Раджед усмехался: «Да, а я еще удивлялся, что я всегда живу вопреки своей судьбе». И правда! Словно его вечно хранило что-то, отворачивало от опасностей, проводя по самому краю. Что отравители, что иные заговорщики в прошлые времена терпели неудачи. И даже Нармо с Илэни не получили заветный портал. Впрочем, разрушение реликвии и спасение Эйлиса едва ли содержали что-то общее.
Когда Раджед осознал, что новой атаки Нармо ждать не приходится, льор углубился в изучение истории Эйлиса в попытках отыскать его душу. Он заново осмыслял давно изученные тома, выписывал и сопоставлял противоречивые факты завоевания и возникновения льоратов. Однако проходили дни, но ответ, казалось, ускользал все дальше.
Что есть душа мира?
Догматические истины умолкали в нерешительности. Лишь яснее прежнего вставал образ матери, ее бескровные уста, шептавшие последний завет сыну. После признания Сумеречного не приходилось сомневаться: пожертвовавшая своей жизнью знала много больше, чем рассказывала мужу и сыну. Но отчего-то открыть тайну души мира не оказалось дозволенным. И чем больше янтарный льор погружался в сонмы знаний, тем меньше понимал.
— Истина не в библиотеках. Истина в самой жизни, — пожимал плечами Сарнибу в те редкие визиты, когда Раджед наведывался в малахитово-цаворитовую башню. Он брал новые книги, спрашивал о здоровье и состоянии уцелевшего ячеда, который по счастливой случайности и не думал каменеть.
— Может, переберешься к нам? Что же ты там один, — приветливо приглашал Олугд, ему вторил Инаи, успевший согнать извечную дремоту и лишний жирок.
Трое чародеев успешно обороняли свои владения, так что Нармо искал иные способы завладеть великой силой. Хотя складывалось впечатление, будто он тоже пребывал в нерешительности и унынии после разрушения портала. Однако же часто виднелись черные облака тумана то над одним льоратом, то над другим. И что творилось под покровом дымчатых топазов, никто не ведал. Даже невидимость Сарнибу не позволяла пробиться через смертоносную магию Илэни.
— Перебраться? Нет… — качал головой Раджед, протяжно вздыхая. — Я хранитель портала. Зеркало не передвинуть. Пусть оно и сломано, но что если я его починю? Или оно само восстановится?
Отчасти он не лгал, однако в большей степени его терзало чувство вины: друзья спасли его, а он своей рукой лишил их шанса на спасение из гибнущего мира. В какой-то момент он и впрямь поверил, будто в силах отменить чуму окаменения.
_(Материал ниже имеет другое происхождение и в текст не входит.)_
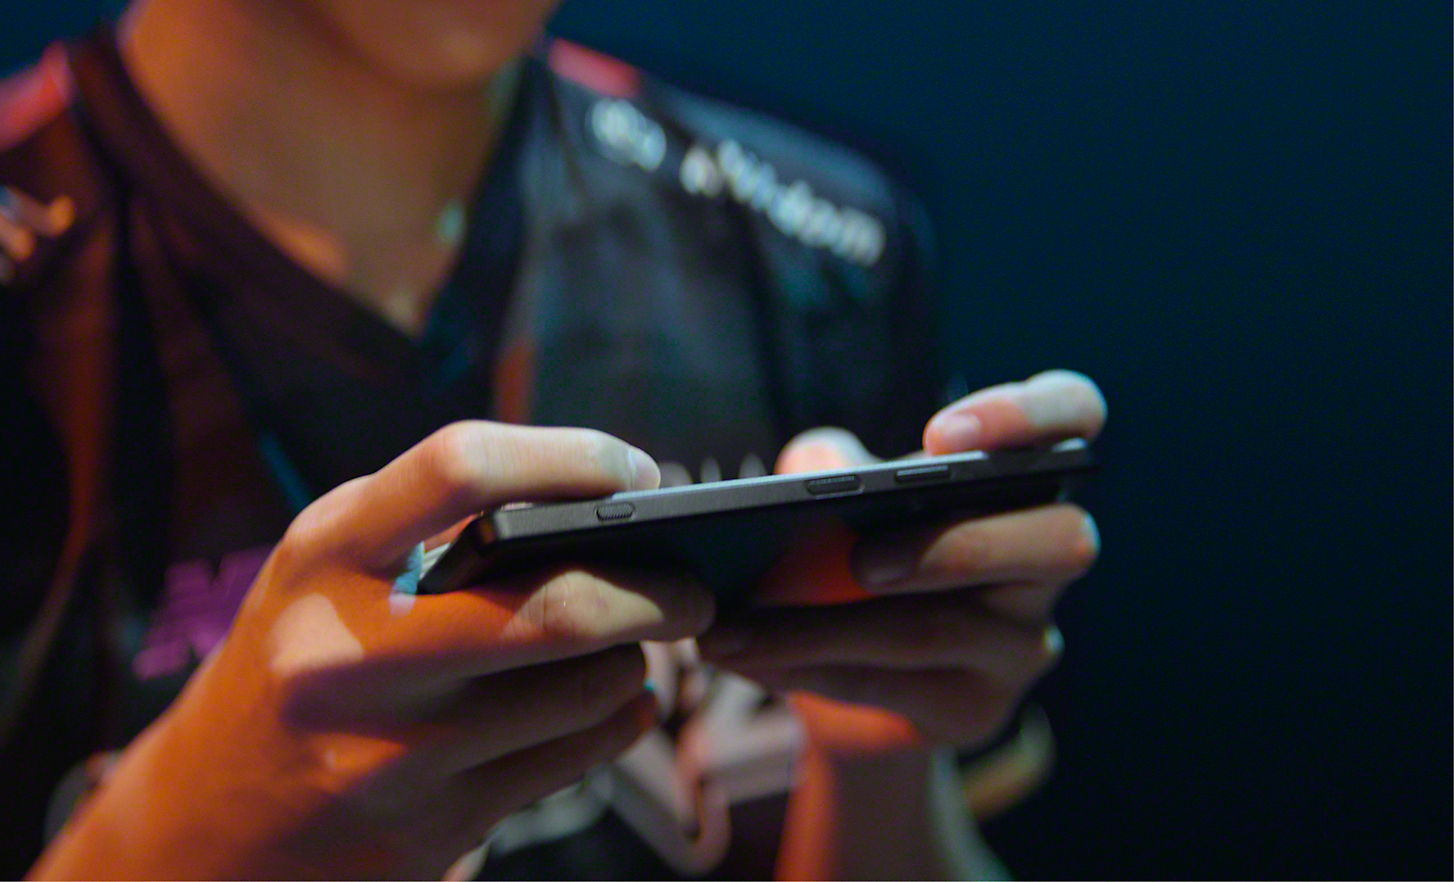 Zbliżenie na ręce osoby grającej w gry mobilne na smartfonie Xperia 1 IV
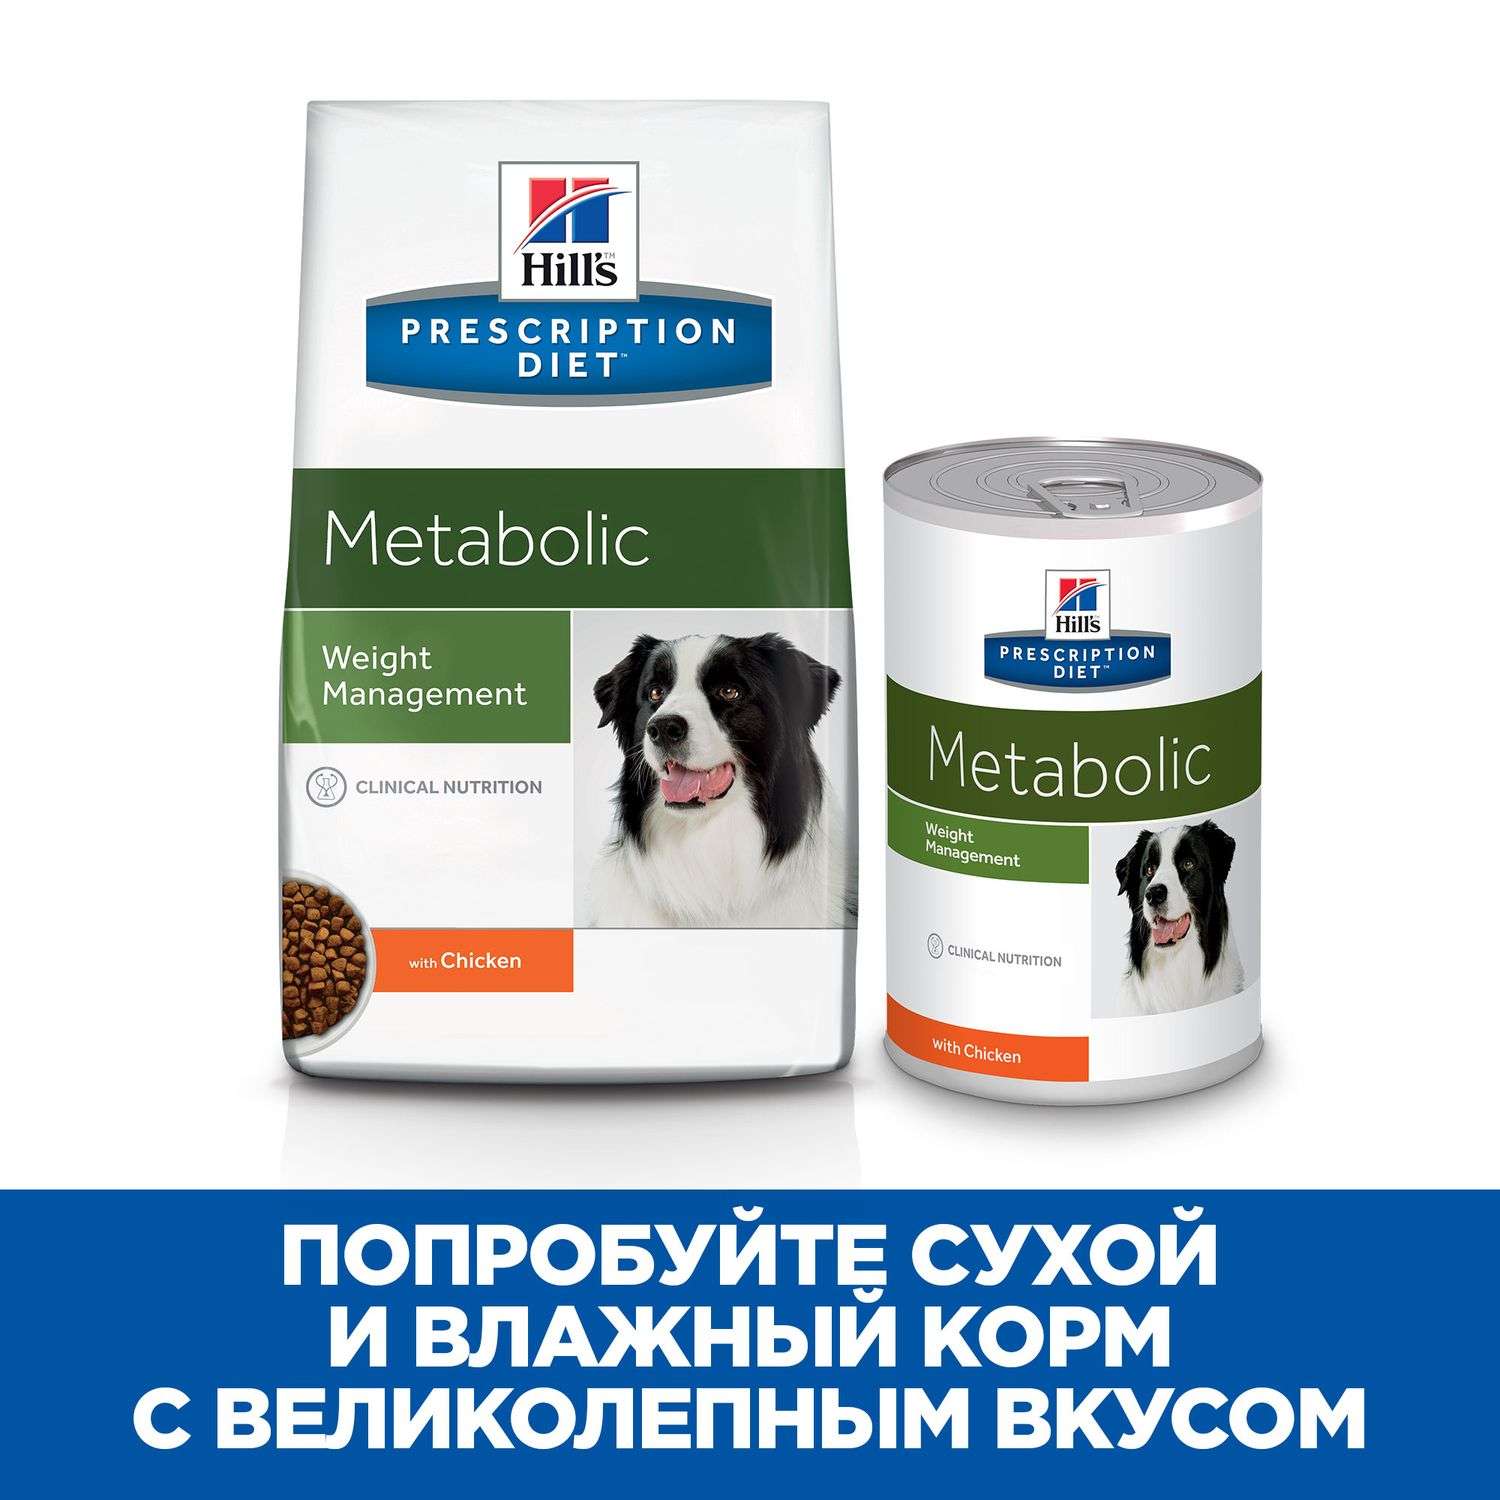 Корм для собак HILLS 1.5кг Prescription Diet MetabolicWeight Management для оптимального веса с курицей сухой - фото 7

Он, живущий вопреки судьбе.
Но шло время, и после бессильных попыток подступала новая волна отчаяния. А вестей от Сумеречного Эльфа не поступало, наверное, страж долгое время осмыслял цену своего откровения. Что ж… Раджед ни в чем не винил его. Янтарному чародею всегда нравилась жизнь, и глупо чувствовать себя причиной окаменения, когда сдерживавшие ее недра выпили все понемногу. Льор умел — или научился — не таить долгих обид.
«София, самоцвет моей души, как бы я хотел увидеться с тобой до того, как мы все окаменеем. Как бы я хотел провести по твоим волосам, привлечь к себе твой тонкий стан, утонуть в бездне твоих чистых глаз», — обращался к незримому призраку Раджед, и ему мерещился аромат горных цветов и свежих роз. Казалось, именно он сопровождал Софию. Чистые розы, хрупкие анемоны…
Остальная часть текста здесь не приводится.